This is the sample log pattern I'm parsing. I'm using grok but it's not exactly as what I expected
180528 8:46:26 2 Query SELECT 1
To parse this log my grok pattern is
%{NUMBER:date} %{NOTSPACE:time}%{INT:pid}%{GREEDYDATA:message}
and output for this in grok debugger is
> { "date": [
> [
> "180528"
> ] ], "time": [
> [
> "8:46:2"
> ] ], "pid": [
> [
> "6"
> ] ], "message": [
> [
> " 2 Query\tSELECT 1"
> ] ] }
If you observe in the output, pid is being extracted from time and actual pid which is 2 is being merged in the message. Not sure what went wrong here.

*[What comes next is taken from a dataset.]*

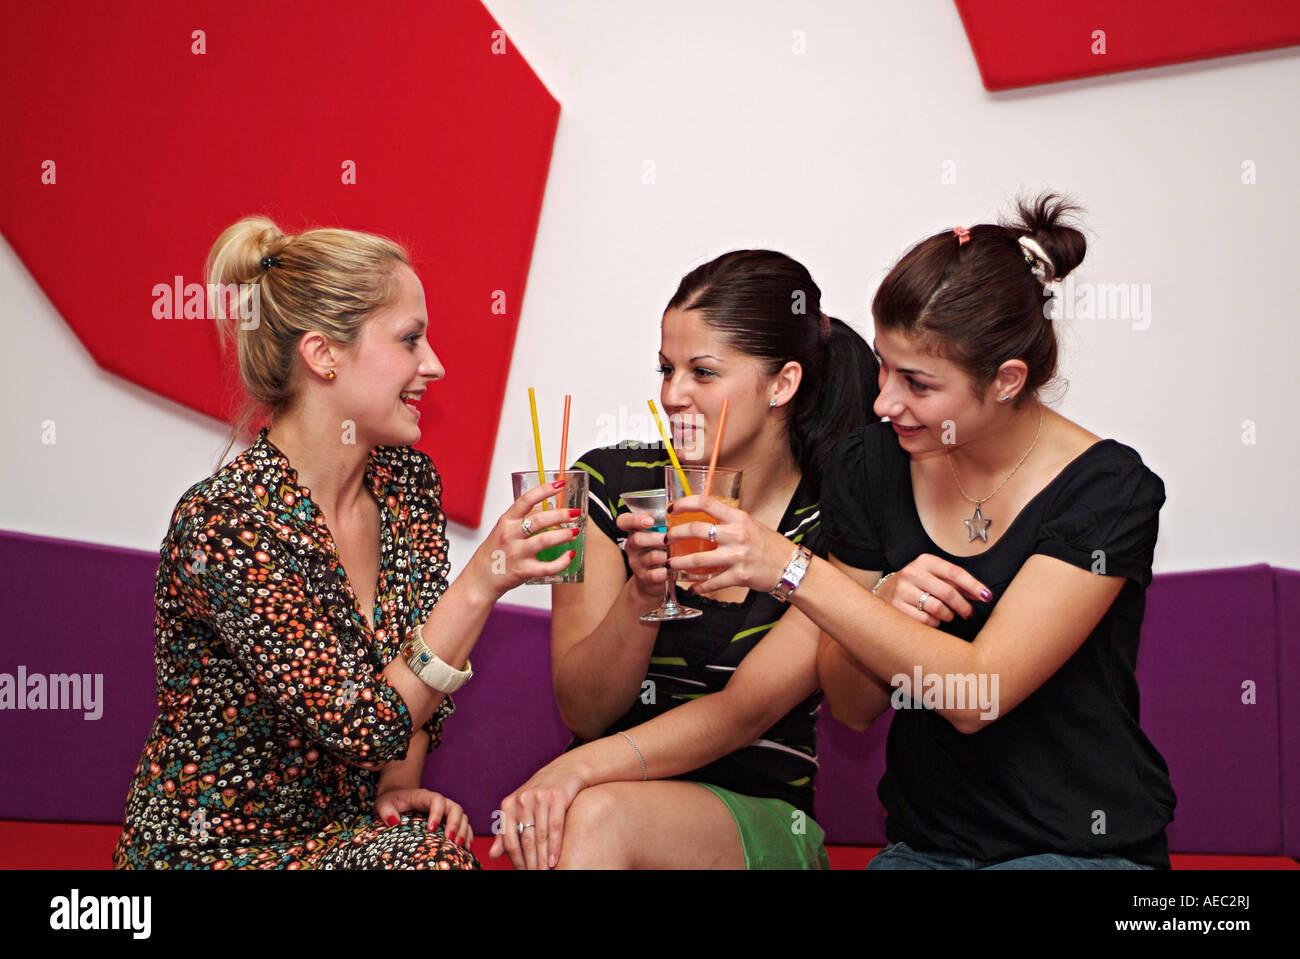 Drei junge Frauen in einer Bar in einer Nacht erhöhen ihre Gläser in einem Toast Stockfoto

Why can't you just match your time with TIME
pattern instead? it doesn't make sense to match it with NOTSPACE
which equals to \S+
, and matches any non-whitespace character (equal to [^\r\n\t\f\v ]
)
You can use TIME
pattern for your time value and INT
for pid
as follows,
%{NUMBER:date}\s%{TIME:time}\s%{INT:pid}\s%{GREEDYDATA:message}
This will give you,
{
"date": [
[
"180528"
]
],
"BASE10NUM": [
[
"180528"
]
],
"time": [
[
"8:46:26"
]
],
"HOUR": [
[
"8"
]
],
"MINUTE": [
[
"46"
]
],
"SECOND": [
[
"26"
]
],
"pid": [
[
"2"
]
],
"message": [
[
"Query SELECT 1"
]
]
}